Do you have a confession to make about a purchase you shouldn't have made?

Whether it's the $600 treadmill you bought on a credit card, then used as a really expensive clothes hanger, or that collection of pricey handbags you just had to have, Spendster.org is the place to bare your frivolous soul.

A new site from the National Endowment for Financial Education, a nonprofit that aims to help people learn about handling money, Spendster.org is intended to give people a place where they can admit their poor spending habits as a step toward developing better ones.

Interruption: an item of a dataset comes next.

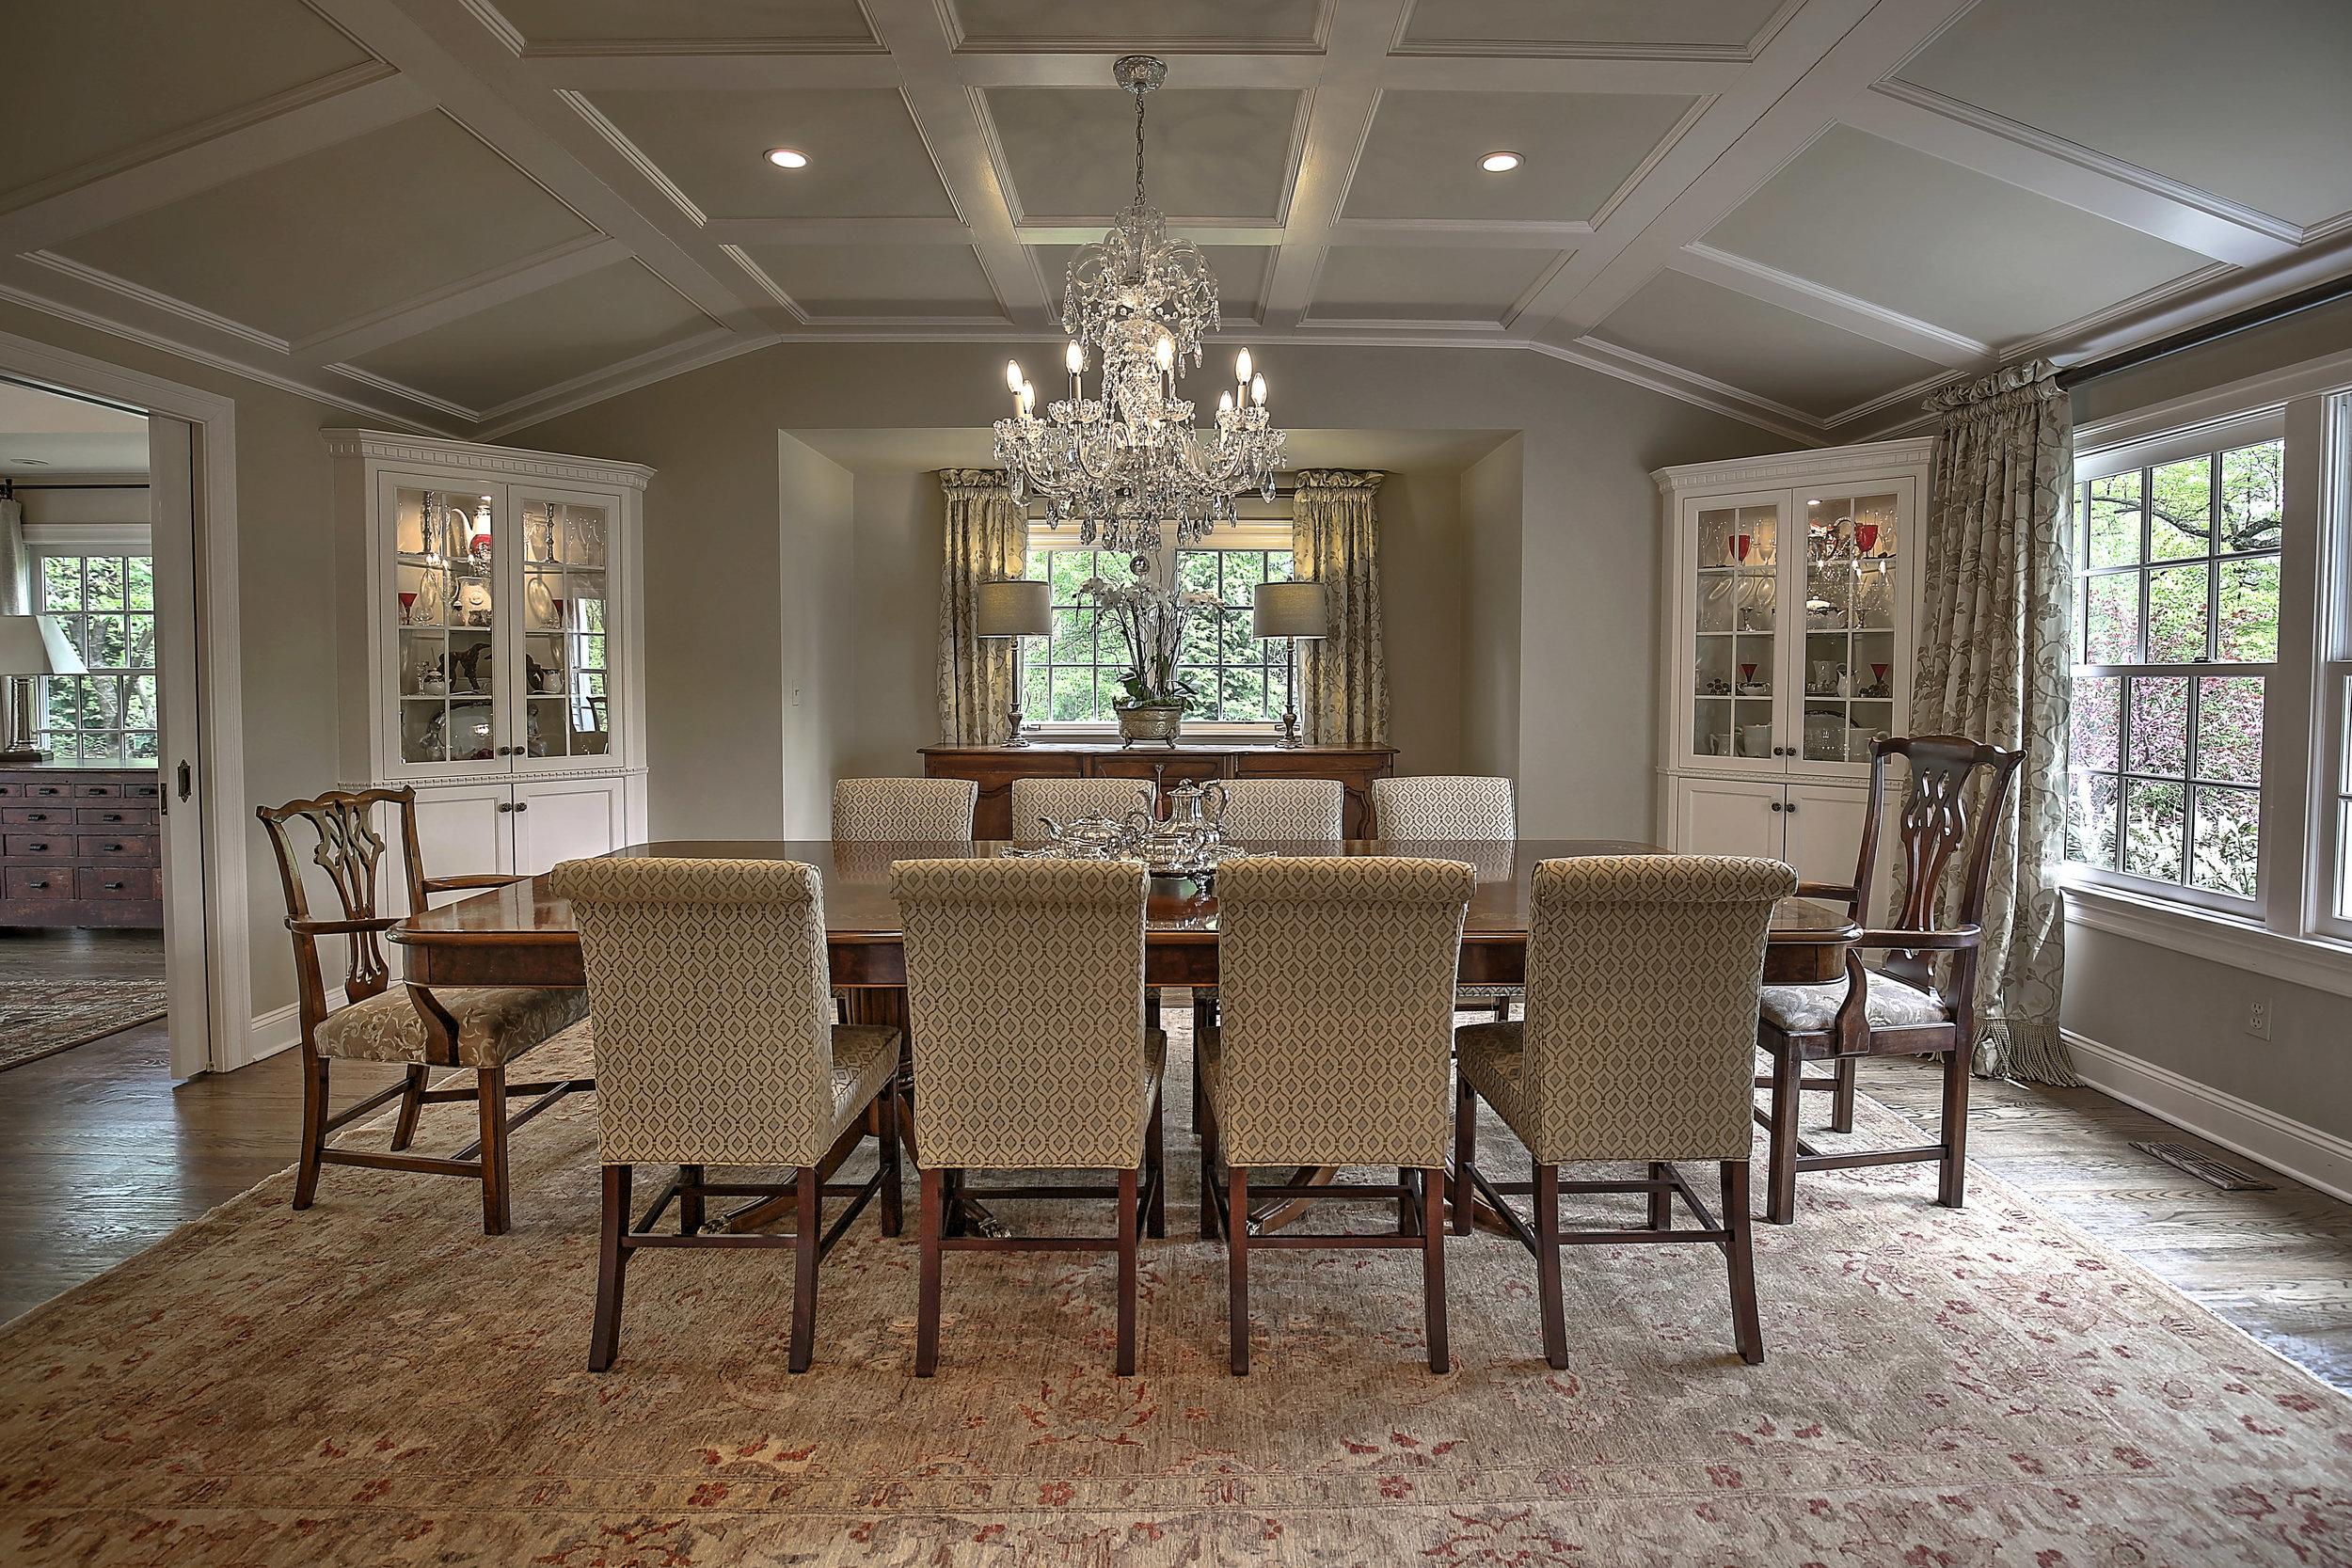 5a Gracious Dining Room 4Z5A1393_4_5_6_7_8_tonemapped copy.jpg

Posted videos range from walks with a shaky handheld camera through an apartment loaded with unused appliances and sporting equipment, to a slickly produced visit with a woman whose penchant for buying new shoes threatens her dream trip to Italy. It's subtitled, "The sad tale of a girl who traded what she wanted most for what she wanted at the moment."

The videos have many similar punchlines. "Everything was on sale," says one woman at the end of a film of her shopping her heart out. "I went over my budget, but it was all on sale." Another features a woman who admits her habit of buying multiple large cups of Diet Coke each day at a local convenience store, which she quickly calculates equals about $90 a month, or $1,080 per year, or $10,800 over 10 years. "Gee, that's a lot of money down the drain," she concludes.

Beyond the entertainment of sharing in other people's spending mistakes, Spendster.org offers users a chance to calculate how much they spent on their own junk. But more importantly they can compare how much it would have cost if they put it on a credit card, versus how much they could have earned if the money was invested or put in a savings account. There's a page that offers advice for shoppers before they head out to the store and a space to enter comments about your personal revelations regarding wasteful spending.

It's all aimed at getting people to think more about their spending. As the site's advice page "More Stuff" notes, "Sometimes, after you've thought about it more, you realize you really don't want to spend that money."